• DATA BELOW:
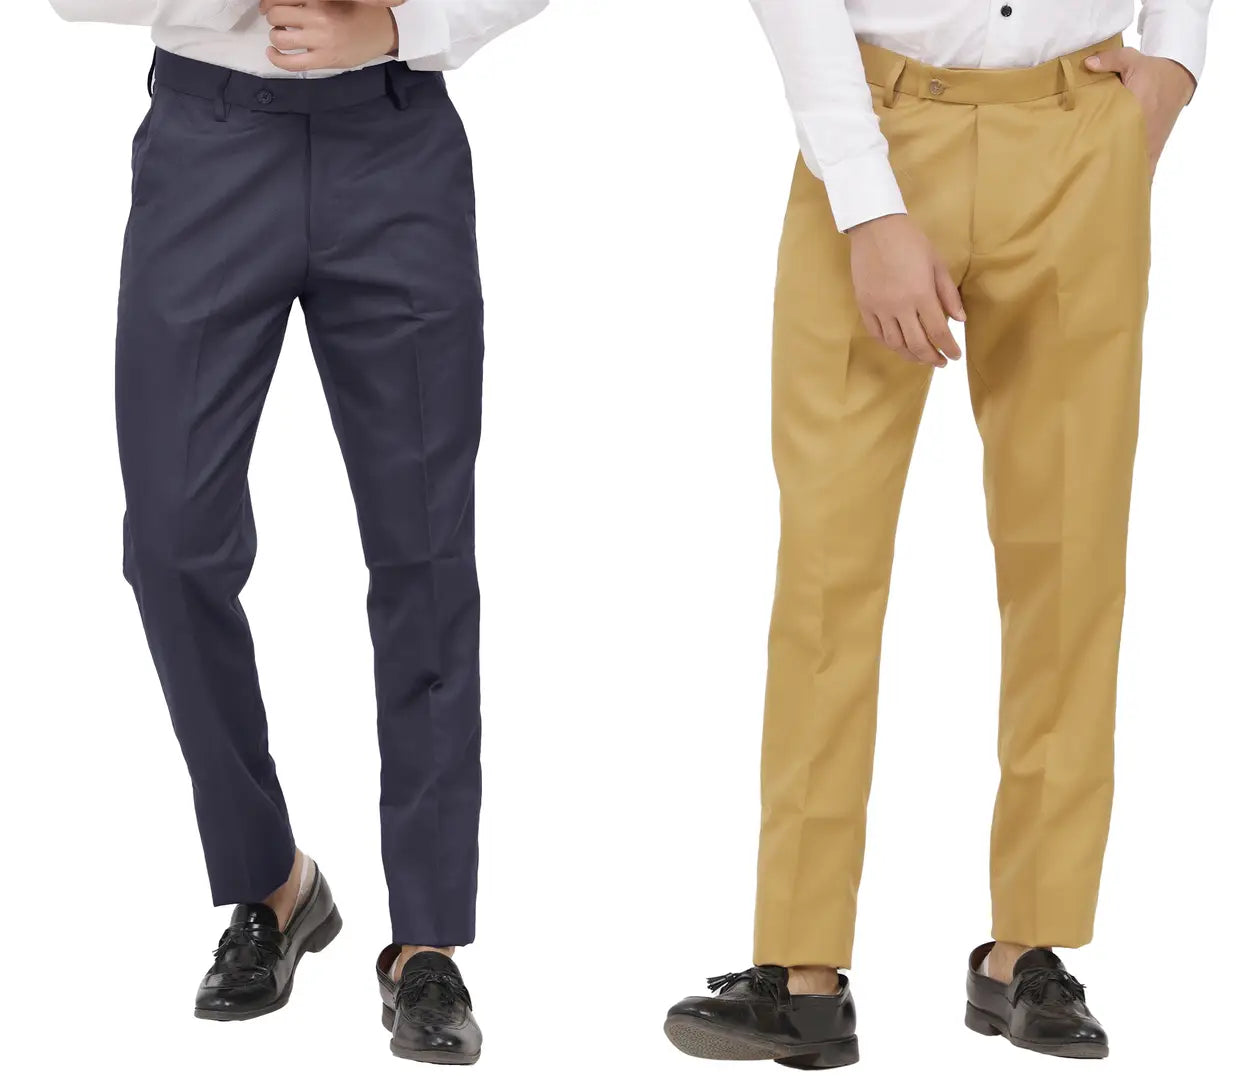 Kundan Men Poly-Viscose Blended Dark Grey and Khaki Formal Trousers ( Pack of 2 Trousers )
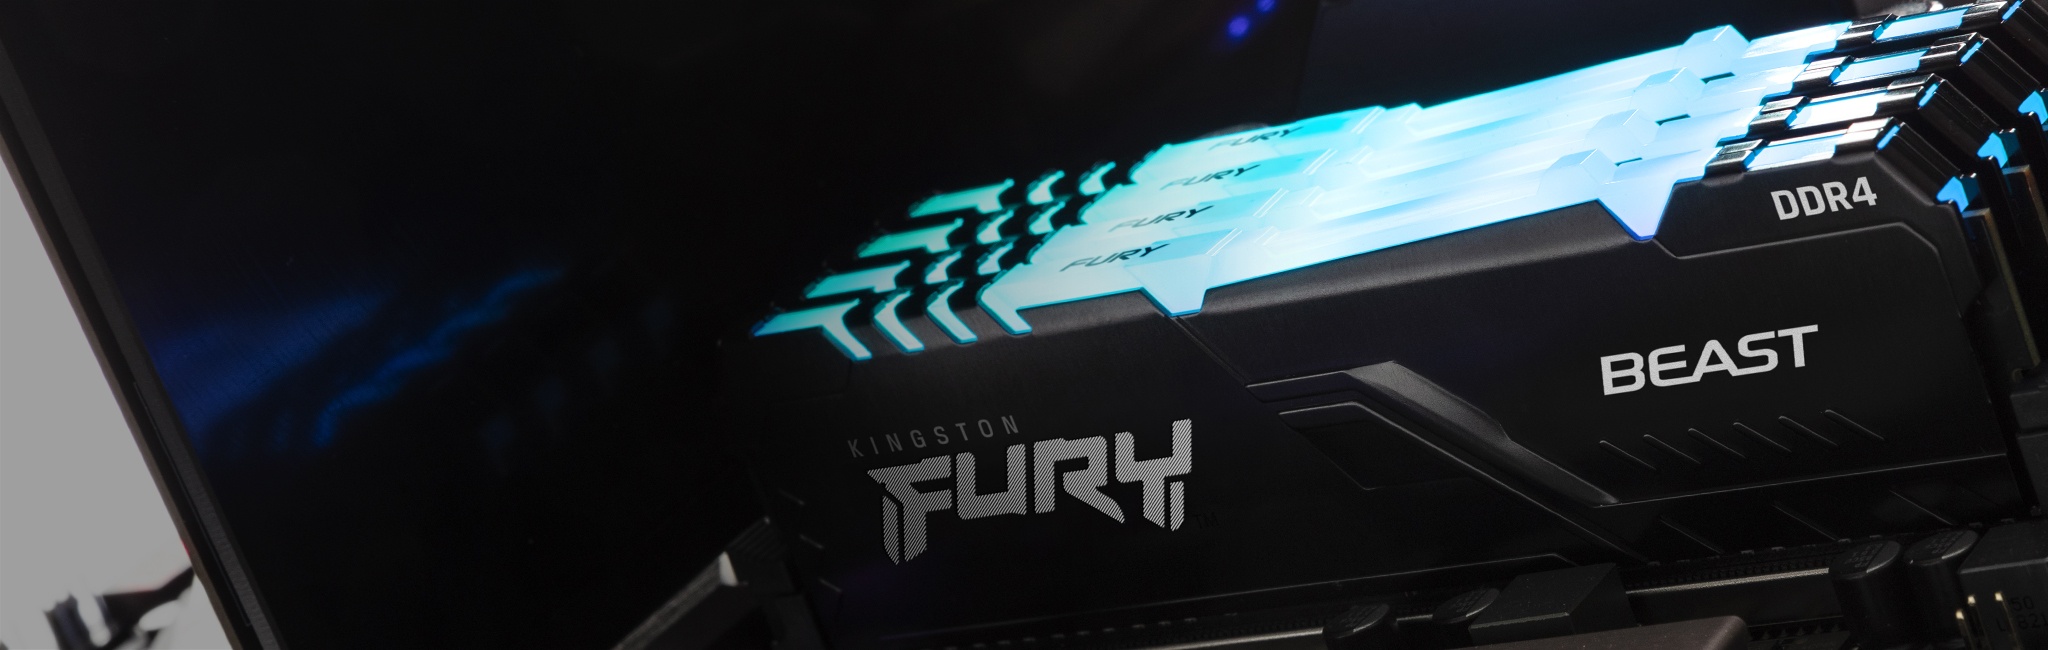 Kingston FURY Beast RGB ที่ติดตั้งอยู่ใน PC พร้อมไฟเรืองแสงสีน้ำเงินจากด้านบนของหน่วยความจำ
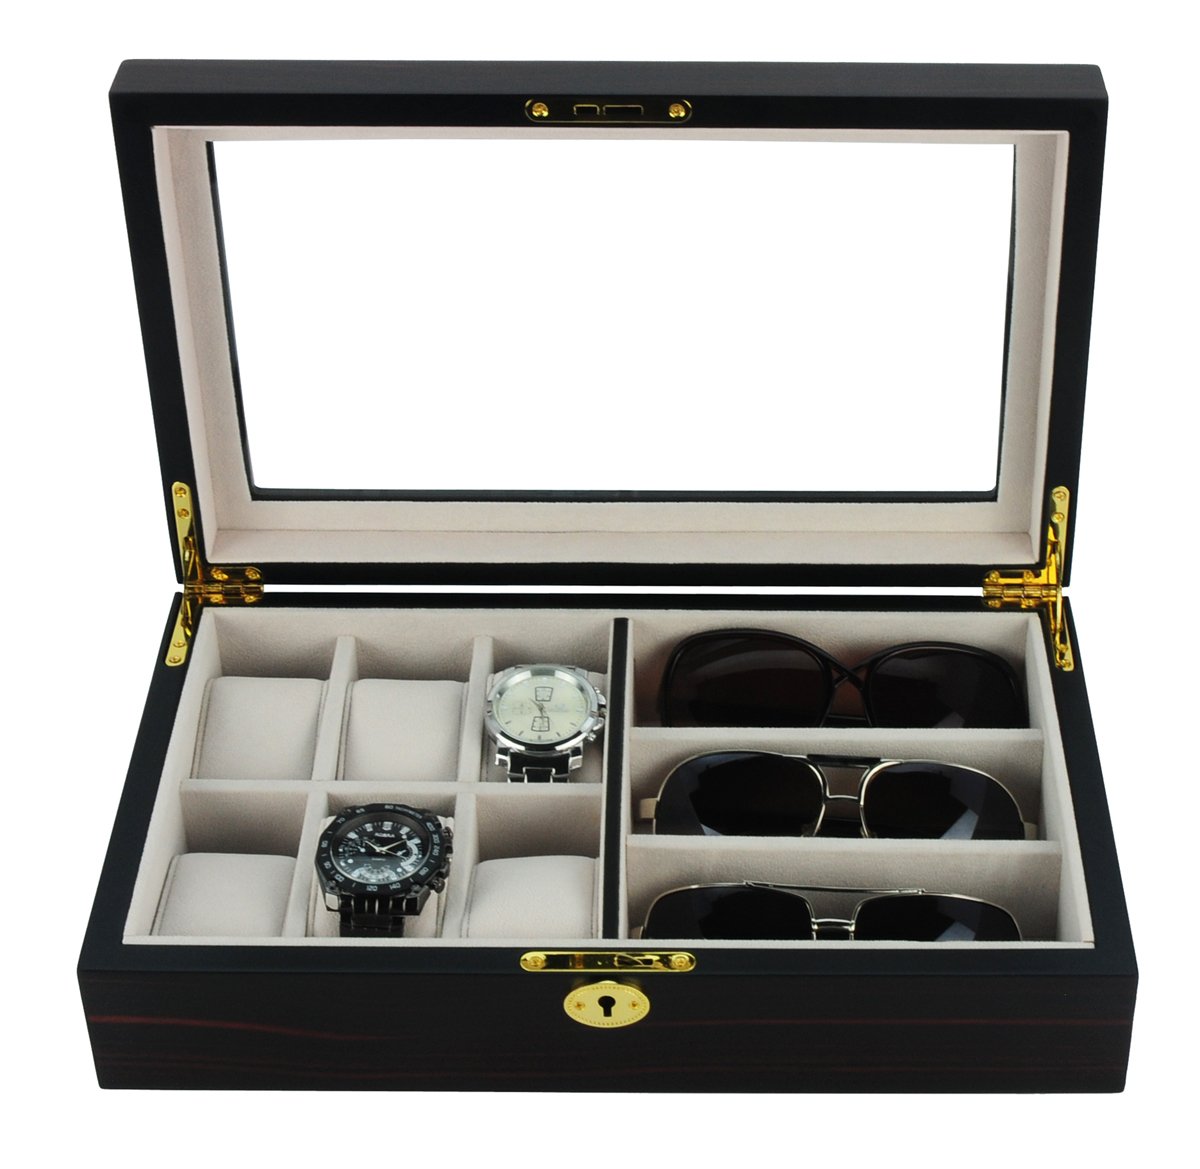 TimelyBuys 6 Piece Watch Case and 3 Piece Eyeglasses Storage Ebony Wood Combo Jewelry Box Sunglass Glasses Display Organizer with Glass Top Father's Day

• TRY IT: Hand back exactly the lines from the one with "Kingston FURY Beast" through the last line of the data above, both ends included, with every picture left out.

• ANSWER BOX:
 Kingston FURY Beast RGB ที่ติดตั้งอยู่ใน PC พร้อมไฟเรืองแสงสีน้ำเงินจากด้านบนของหน่วยความจำ
 TimelyBuys 6 Piece Watch Case and 3 Piece Eyeglasses Storage Ebony Wood Combo Jewelry Box Sunglass Glasses Display Organizer with Glass Top Father's Day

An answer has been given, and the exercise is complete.